I mean, it seems to me if they were explained as you explained,
in which was clearly, they might have more effect
and understanding.
Does that make sense?
>> Yes. I think the problem with things
like global warming is it's very hard
because you don't have enough data.
So, I have a colleague that I was visiting a few months ago
and he was trying to understand how to take account
of spacial effects, the observations
that are near each other
in space can't be considered independent.
And I asked him, "Do you worry about this
and do you have enough data to actually understand,
whether some of these complicated effects [inaudible]?
And he said "I don't know.
I don't even know how much data we need to collect in order
to answer that question.
So climate is a dangerous topic to have opinions about
and the things that I talked about like the oceanography,
has an implication for climate, but it doesn't go out and say,
"Oh, a temperature is going to increase by five degrees."

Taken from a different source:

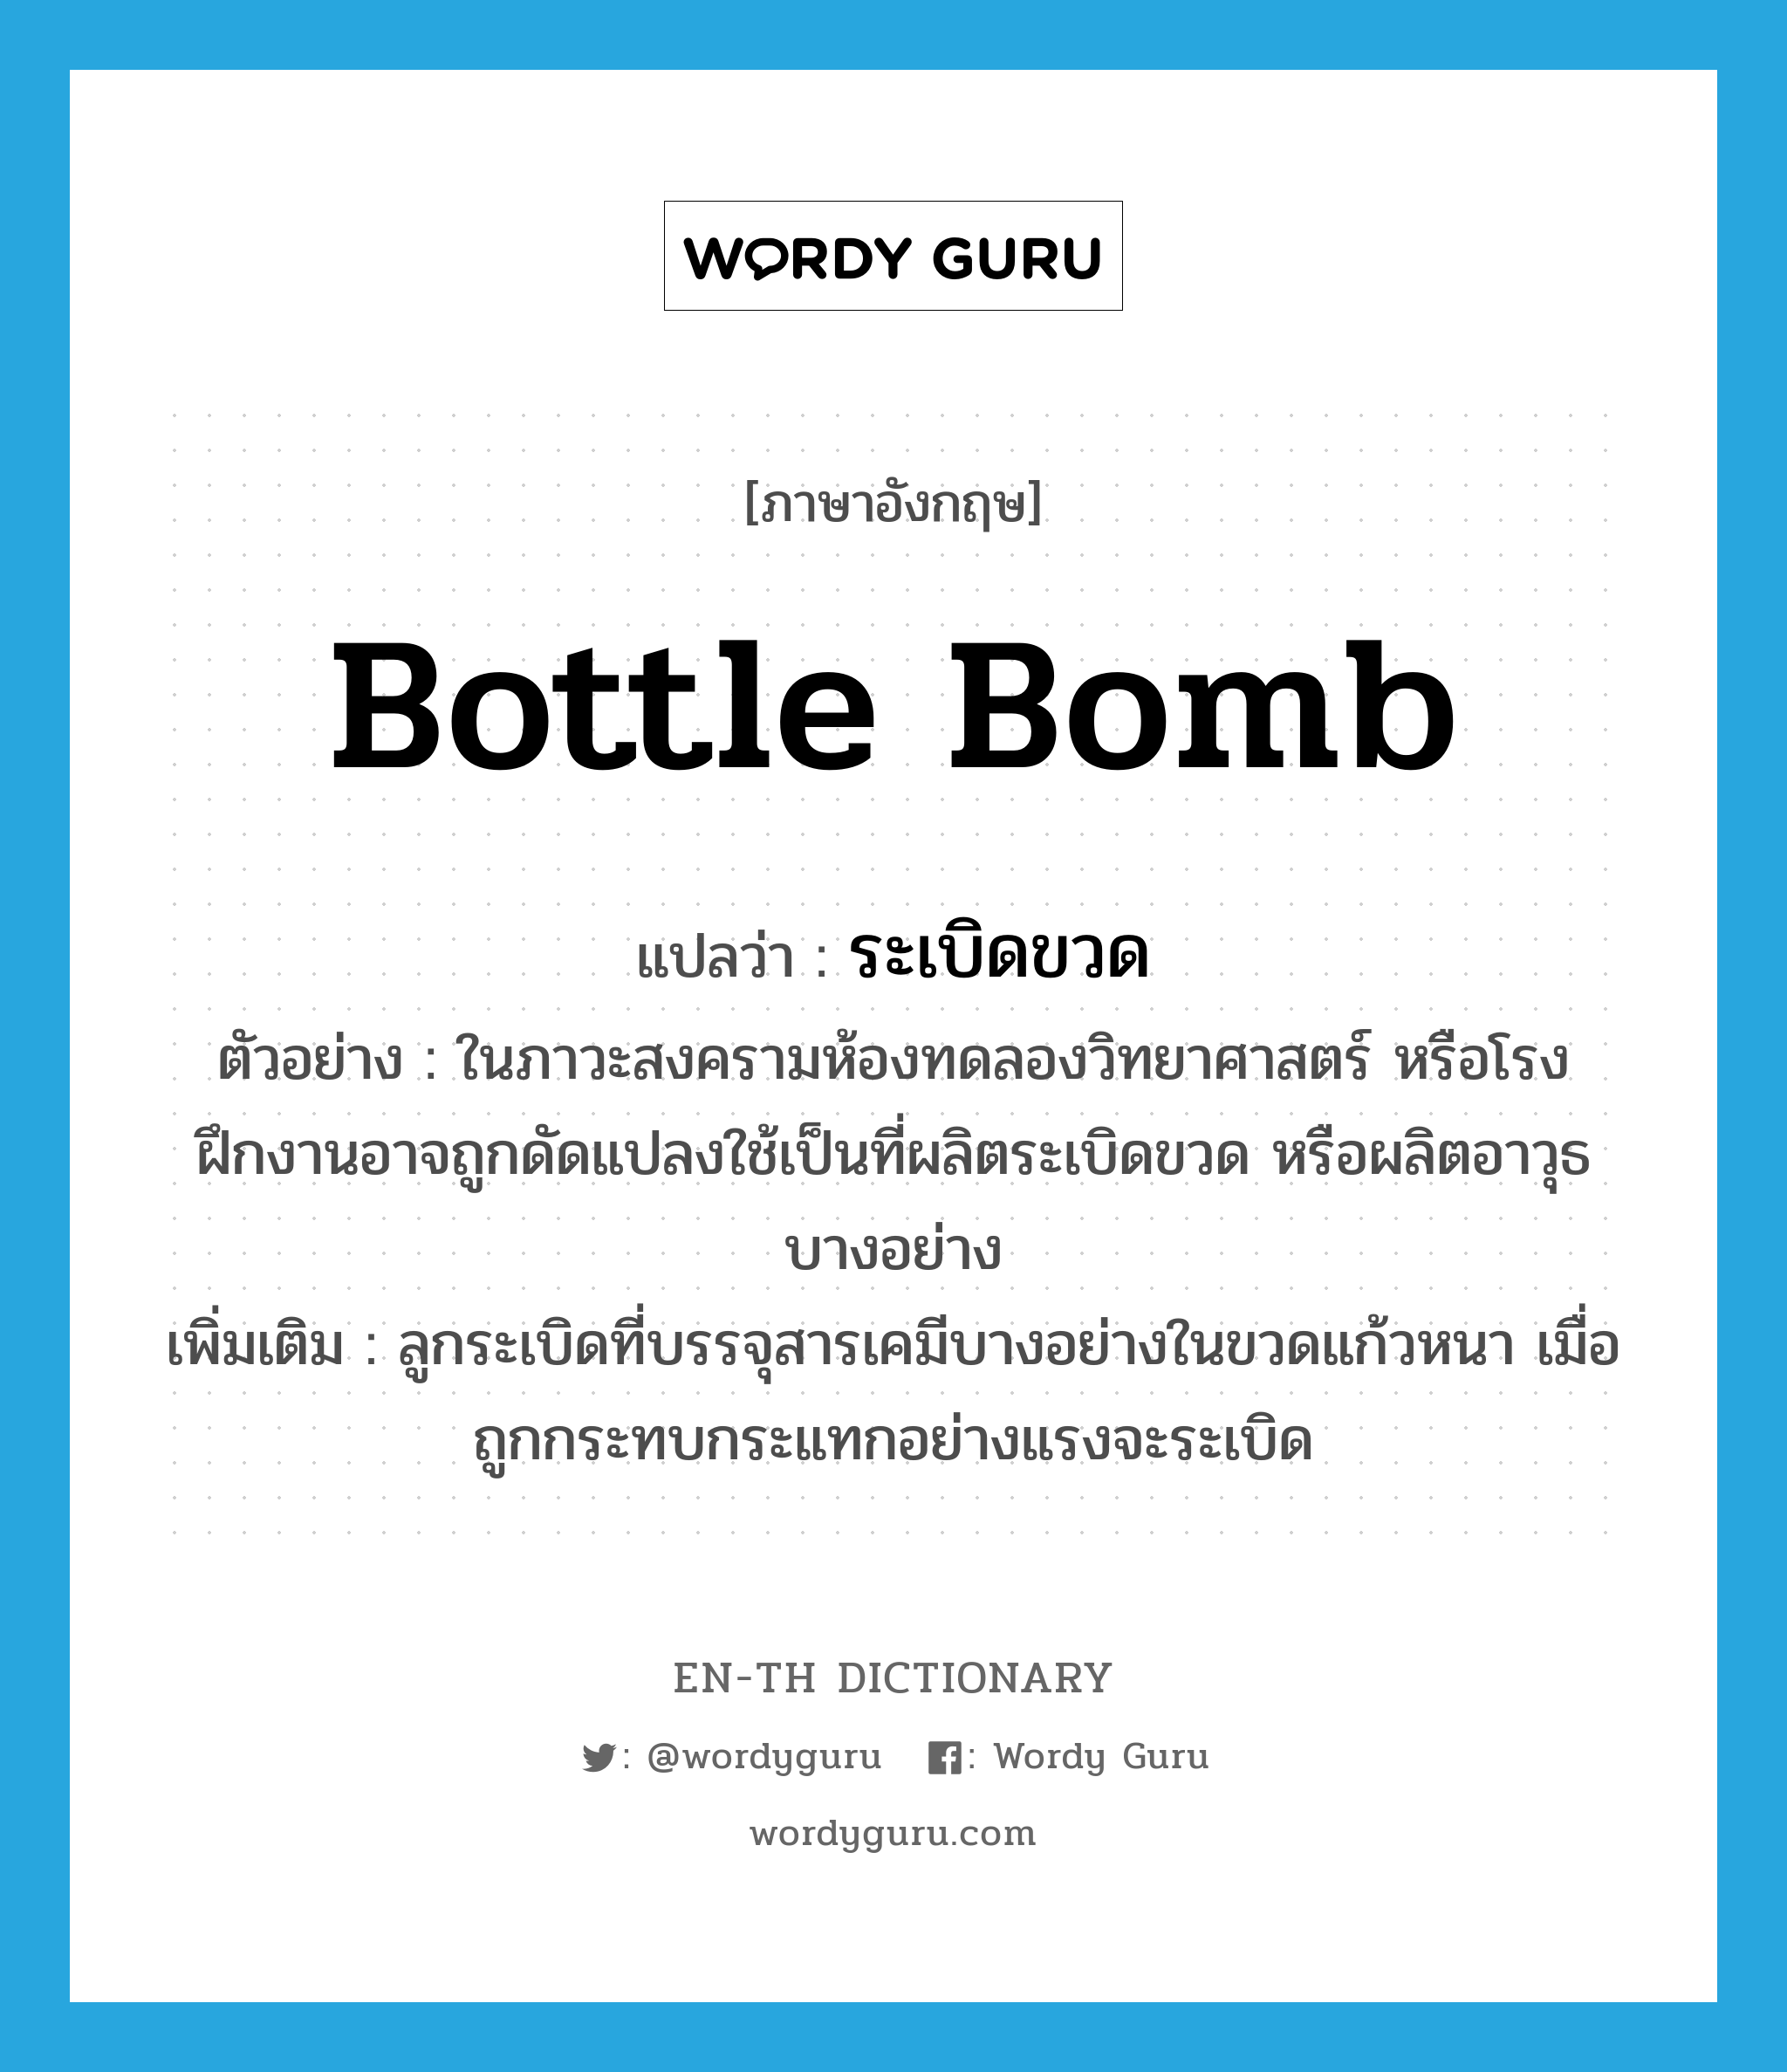 bottle bomb แปลว่า?, คำศัพท์ภาษาอังกฤษ bottle bomb แปลว่า ระเบิดขวด ประเภท N ตัวอย่าง ในภาวะสงครามห้องทดลองวิทยาศาสตร์ หรือโรงฝึกงานอาจถูกดัดแปลงใช้เป็นที่ผลิตระเบิดขวด หรือผลิตอาวุธบางอย่าง เพิ่มเติม ลูกระเบิดที่บรรจุสารเคมีบางอย่างในขวดแก้วหนา เมื่อถูกกระทบกระแทกอย่างแรงจะระเบิด หมวด N

And that's just because the systems are a little bit
too complicated.
So I think we're all hoping that we're going
to have more observations which will certainly help us
to understand things better, but we're a long way away
from having simple methods of understanding very, very big
and complicated systems.
So the things I was talking about here would correspond
to a tiny bit of a global climate model
that I'm happy to contribute to.
But then, there are lots of people like me who putting
in different [inaudible].
And we don't all know each other
or understand how what we do relates.
So, I think at the moment, there are very few people
who have a good understanding
of what big climate models are actually doing.

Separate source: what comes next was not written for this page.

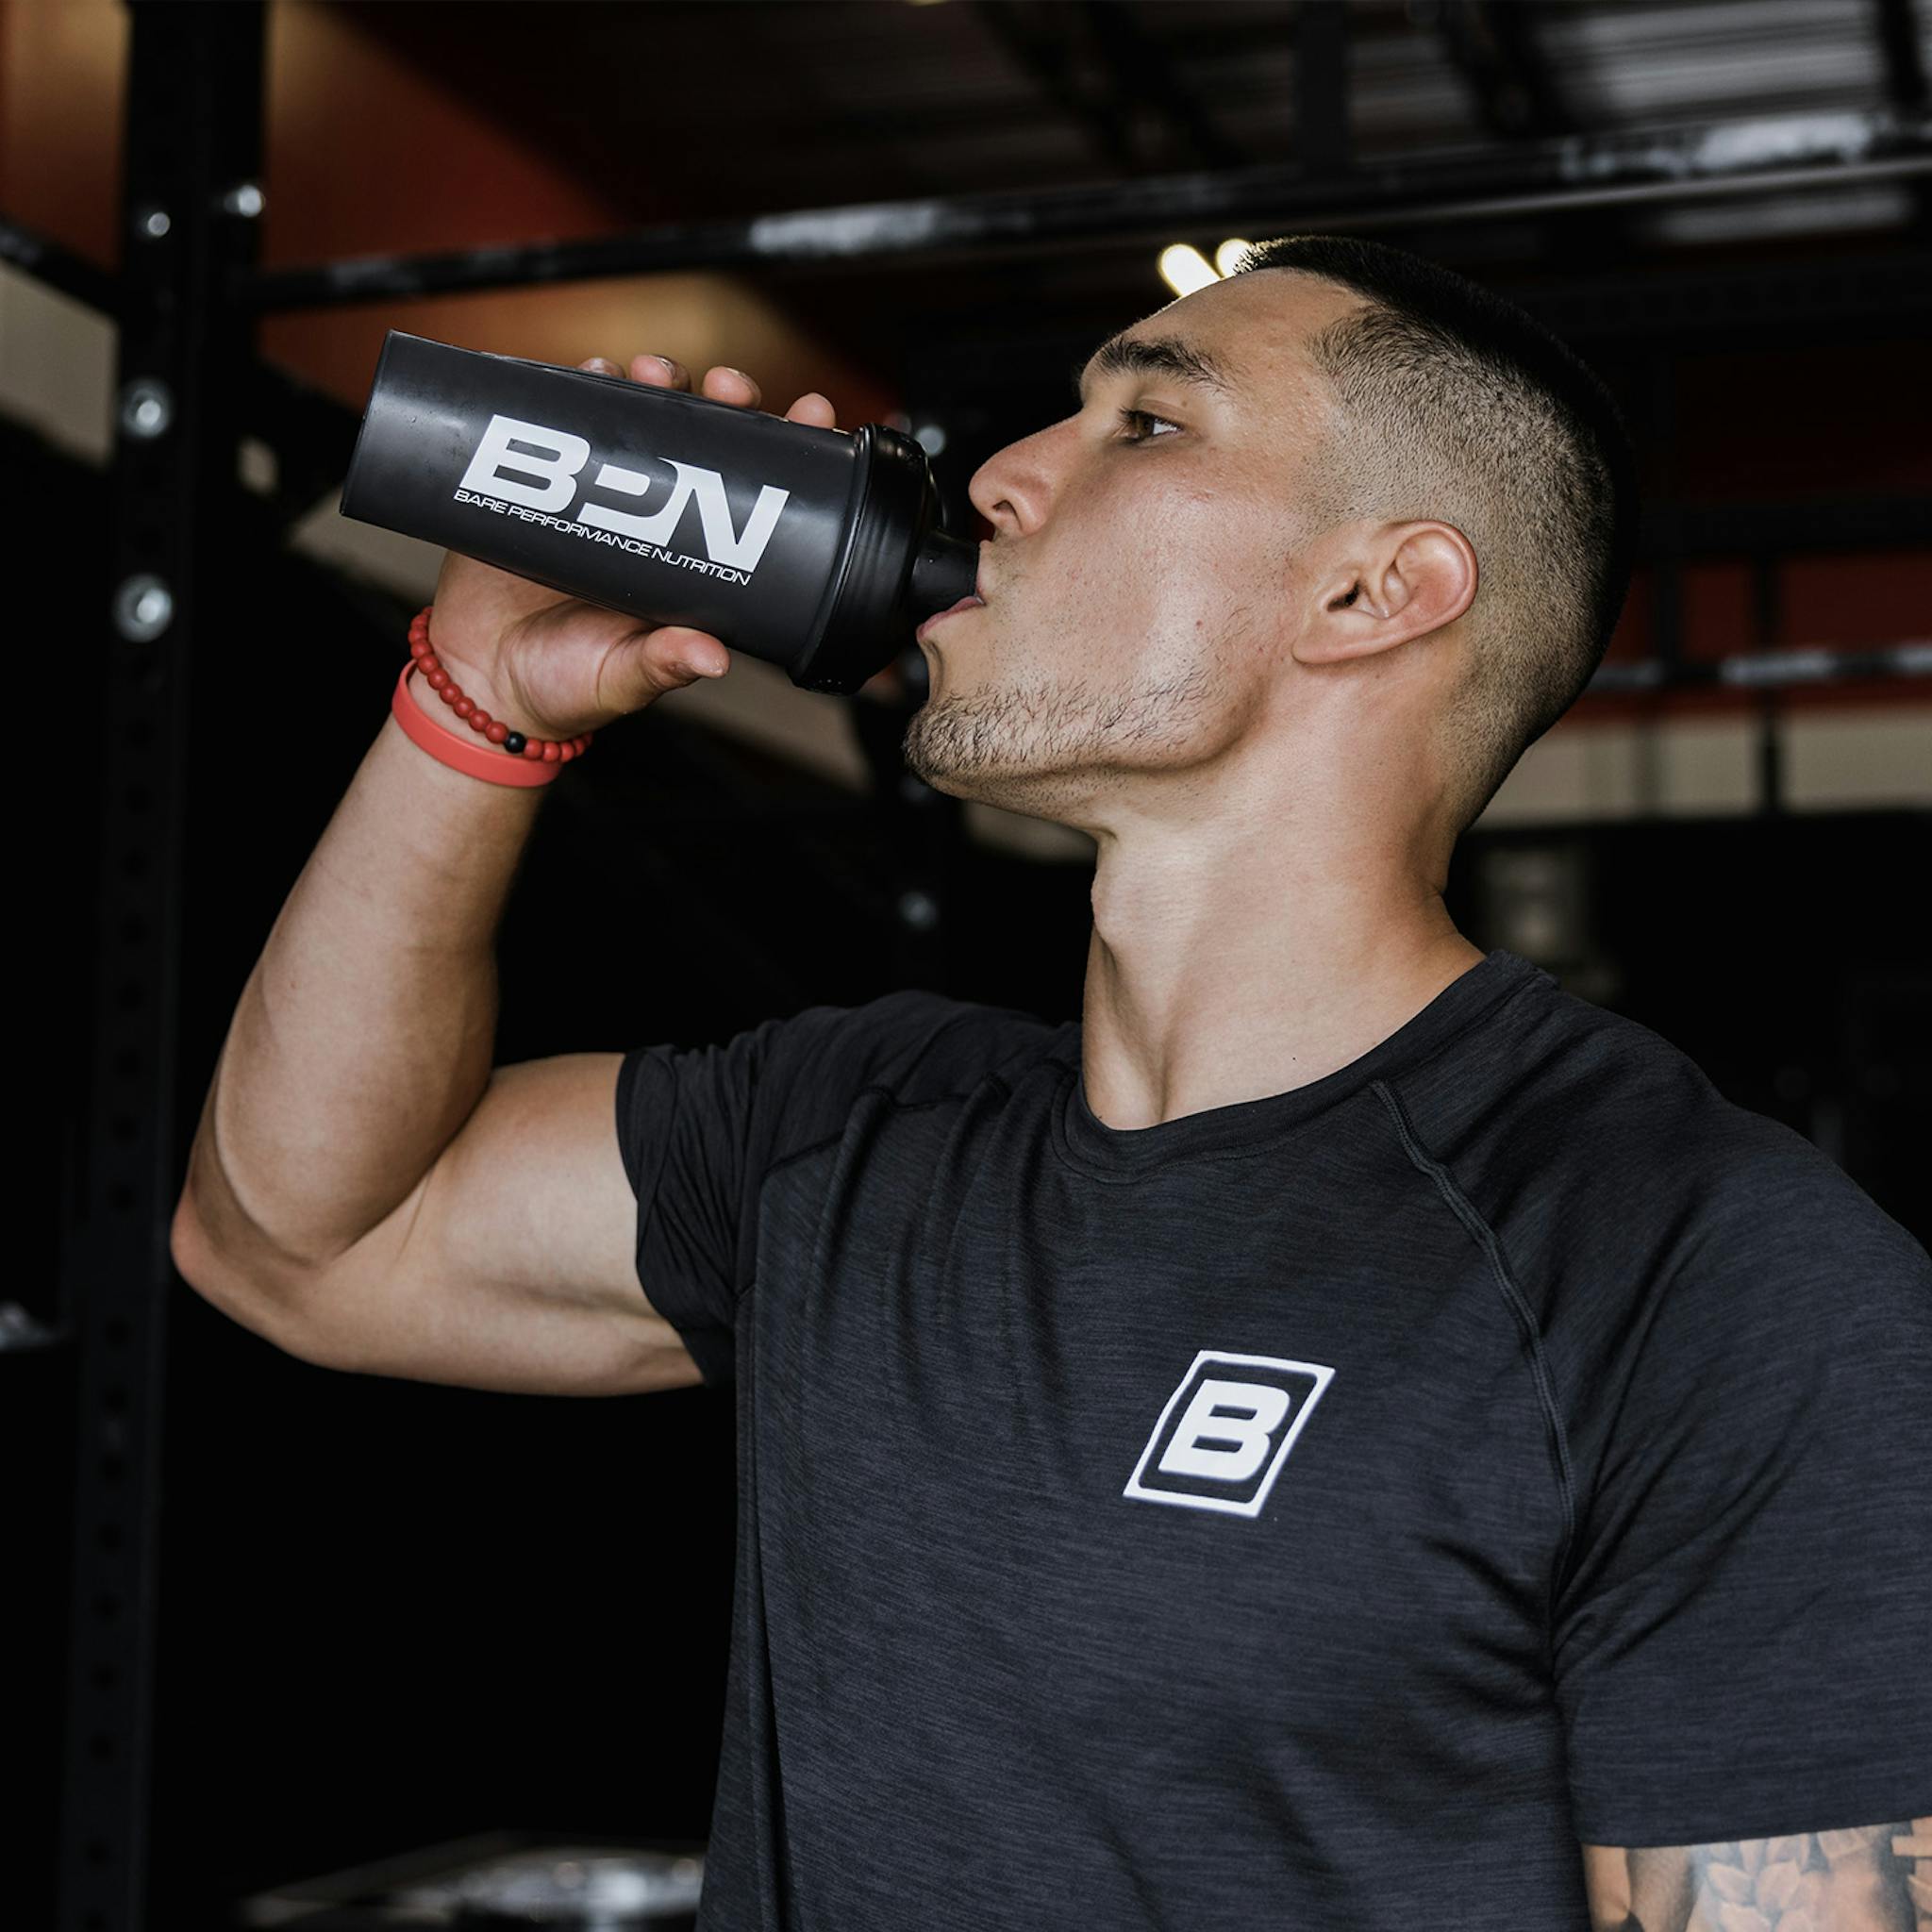 Shaker Bottle / Go One More 28oz – Bare Performance Nutrition

And we all need to work harder and contribute
to make a distance because I think --
it's like when I said to my friend the scientist,
"So how can you work on these problems
when you haven't even figured
out if there's enough data to answer?"
You know? And he said, "Well, if I don't try,
I'm certainly not going to learn."
So, and he also said, "I only have one big project left
that I can do before I retire and I'd like it to be this one.
>> Okay, I'm afraid that is all we've got time for.
I want to thank you all for coming,
thank you for your questions, but mostly thank you
to our speaker Sofia Olhede [applause].